The record lives where the bank can govern it. Suave is built to fill that record completely, not to hold it.

Integration with the bank's existing stack

A compliance layer that demands rip-and-replace defeats its own purpose: every new system is a new thing to control and a new thing to explain. Suave is built to extend what the institution already runs.

• Designed to deliver alerts, cases, and evidence into the bank's existing case management, transaction monitoring, and reporting systems through clean APIs.
• Built around the messaging and data standards banks already operate, including ISO 20022, so on-chain events reconcile against the core rather than sit beside it.
• Architected for clean reconciliation: the bank's books and the on-chain record agree, and the bank can prove it.

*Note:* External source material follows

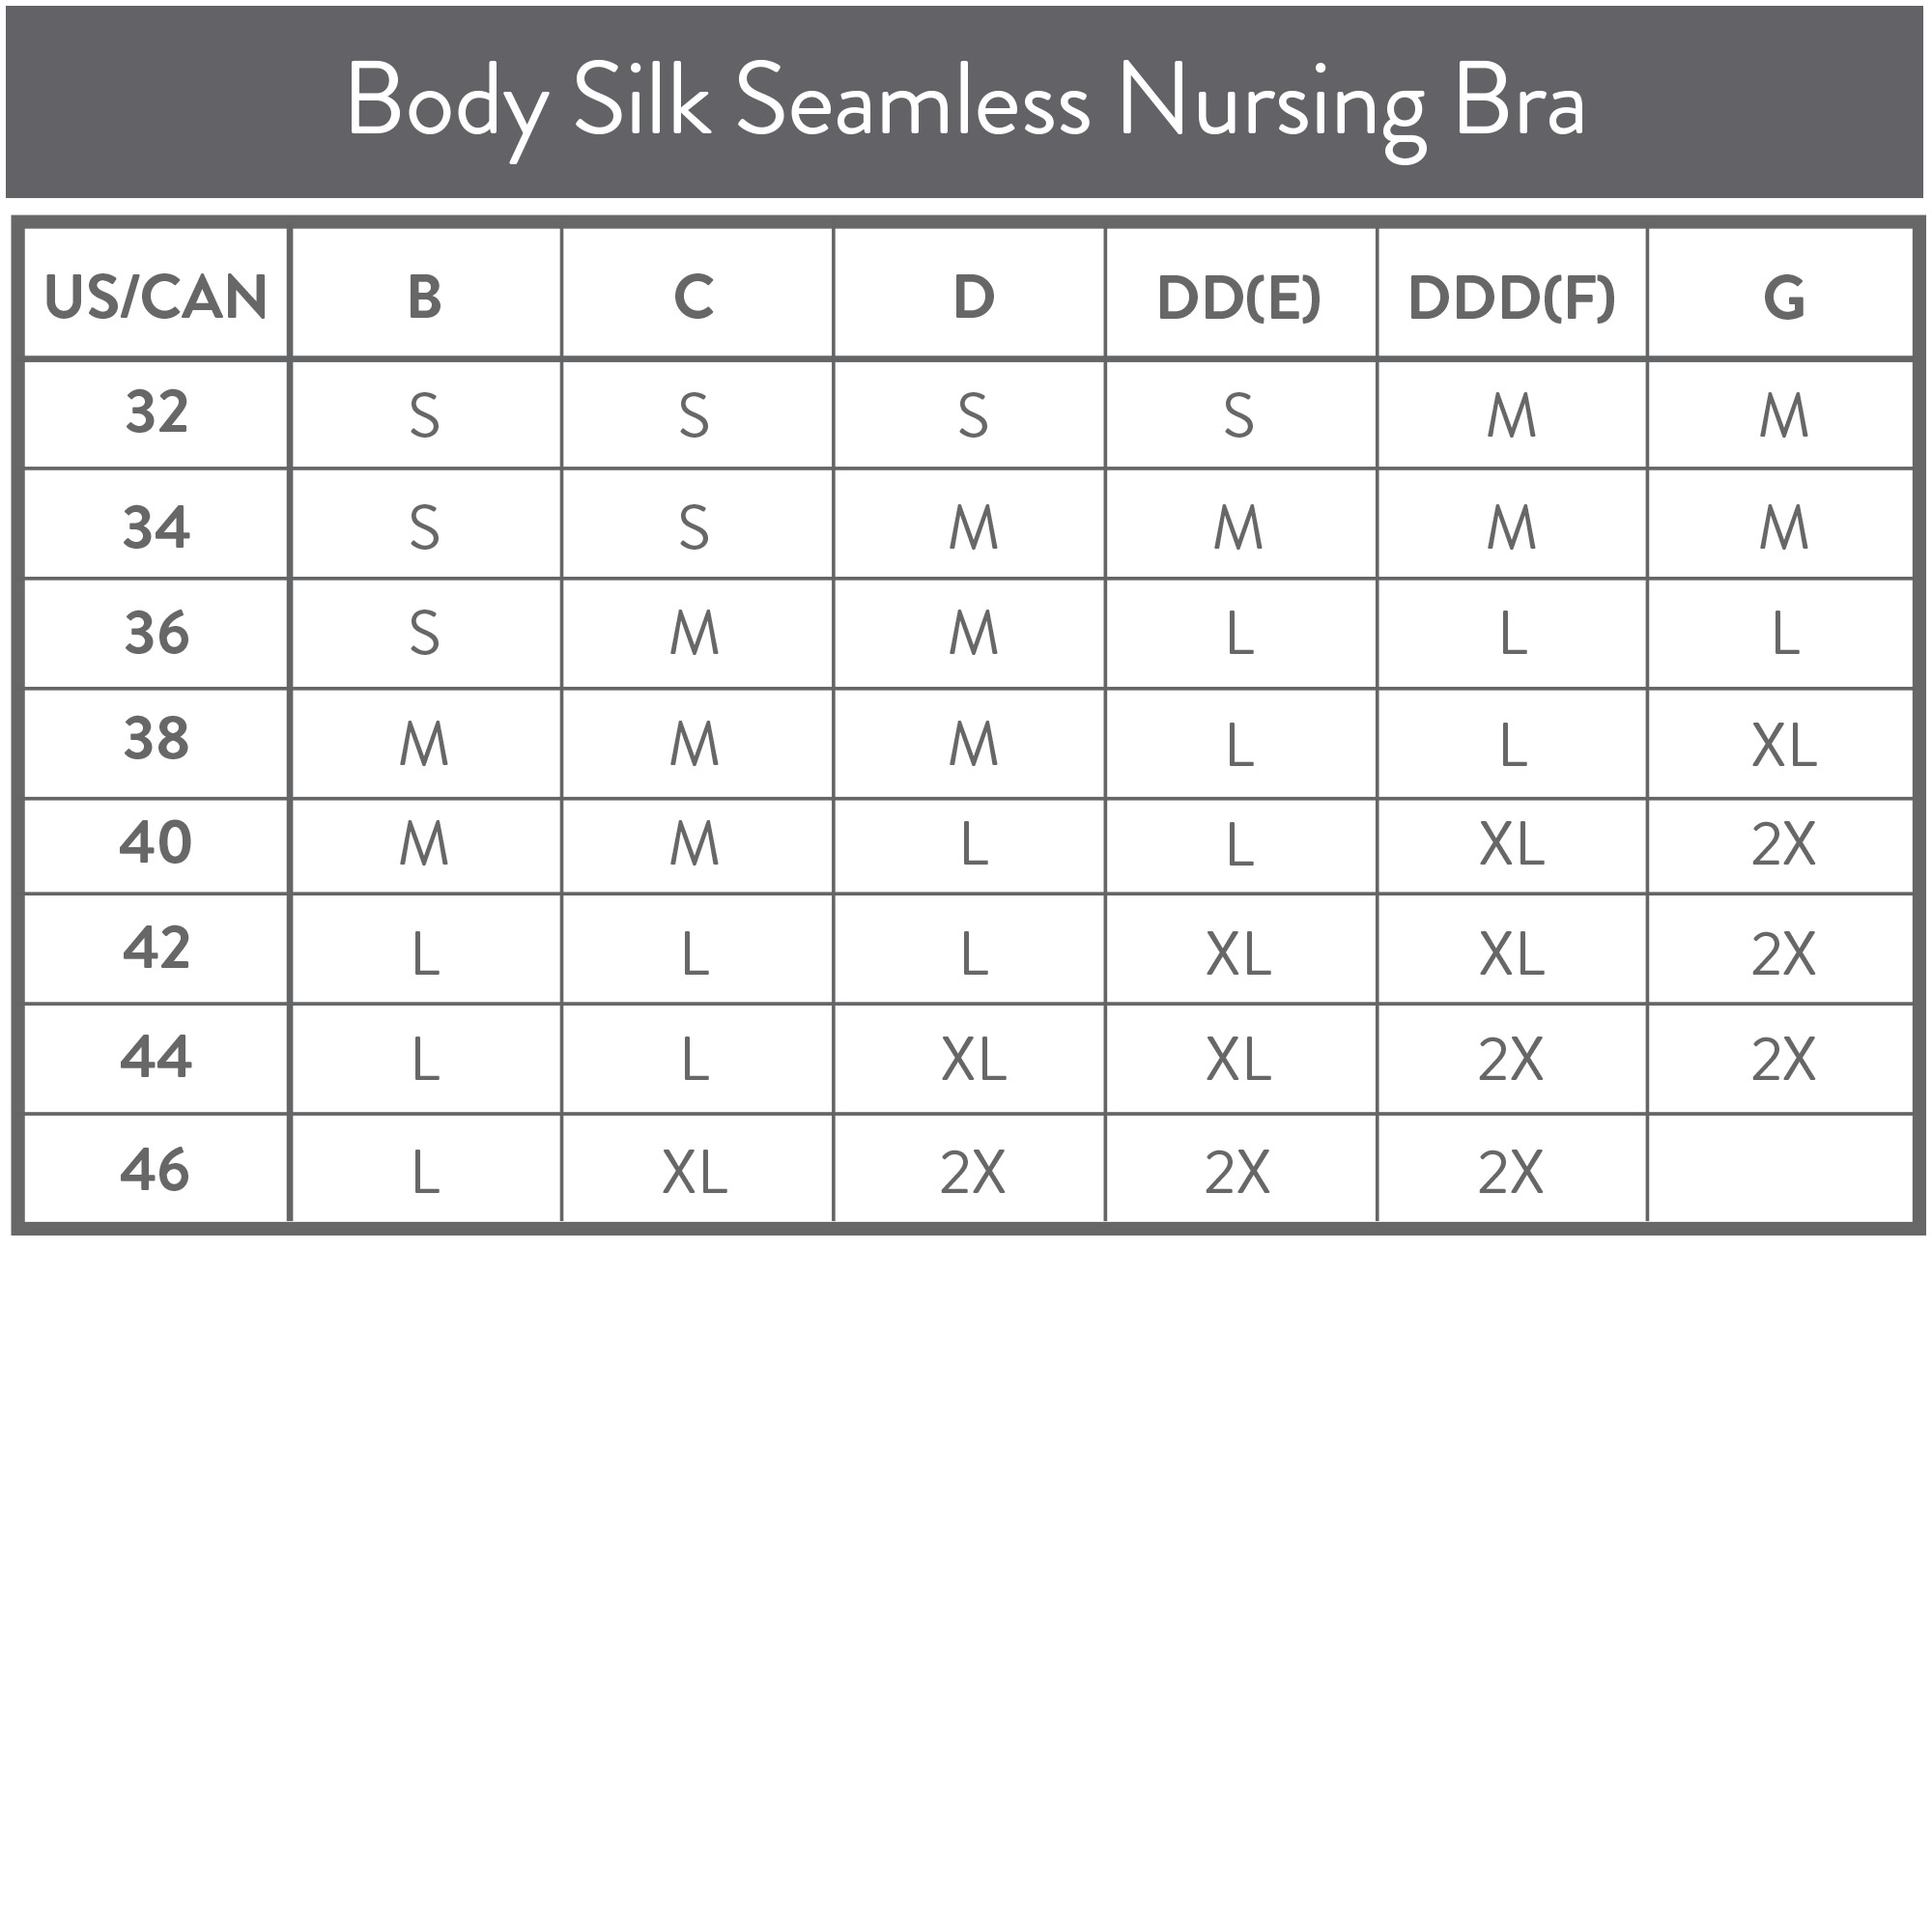 Size-Chart-Body-Silk-Seamless-Nursing-Bra-FALL2016.jpg

This is not about trading your compliance infrastructure for ours. It is about making on-chain activity legible to the infrastructure you already run.

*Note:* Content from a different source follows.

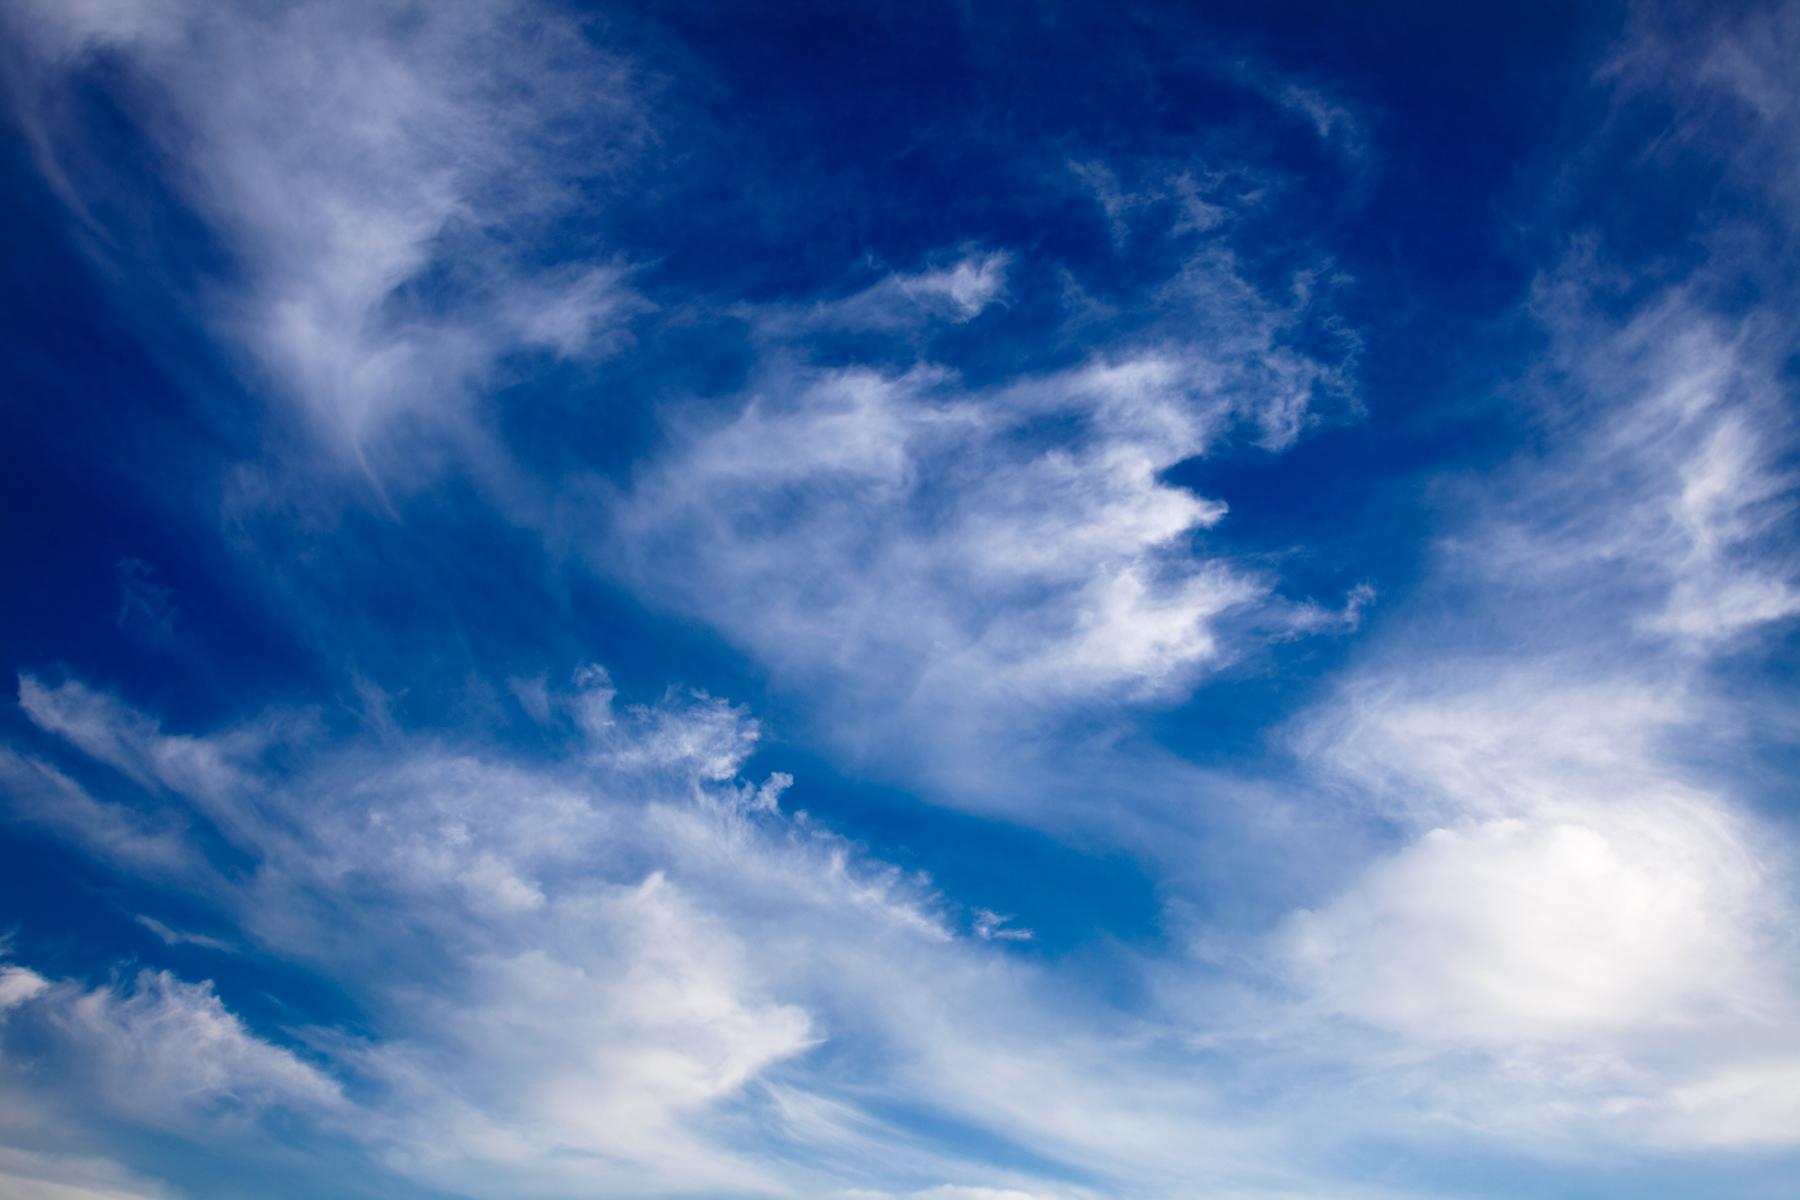 Cloudy Blue Sky, Backdrop, Somadjinn, Scenic, Shape, HQ Photo

Frameworks the system is architected around

These are the regimes the design is built to support. Suave does not claim a held license, charter, or certification under any of them. This is the frame the architecture is shaped to; the bank remains the regulated party.

FinCEN

BSA program, CDD/UBO rule, SAR and CTR reporting, Travel Rule recordkeeping

FATF

Recommendation 16 (Travel Rule); international AML/CFT standards

GENIUS Act

US stablecoin framework, including permitted-payment-stablecoin issuer (PPSI) requirements

MiCA

EU markets-in-crypto-assets regime, including CASP obligations

NYDFS

New York virtual-currency supervision and related expectations

MAS

Monetary Authority of Singapore digital-asset and payments regimes

Suave is built to be configurable to the regime the institution operates under, rather than assuming one jurisdiction for everyone.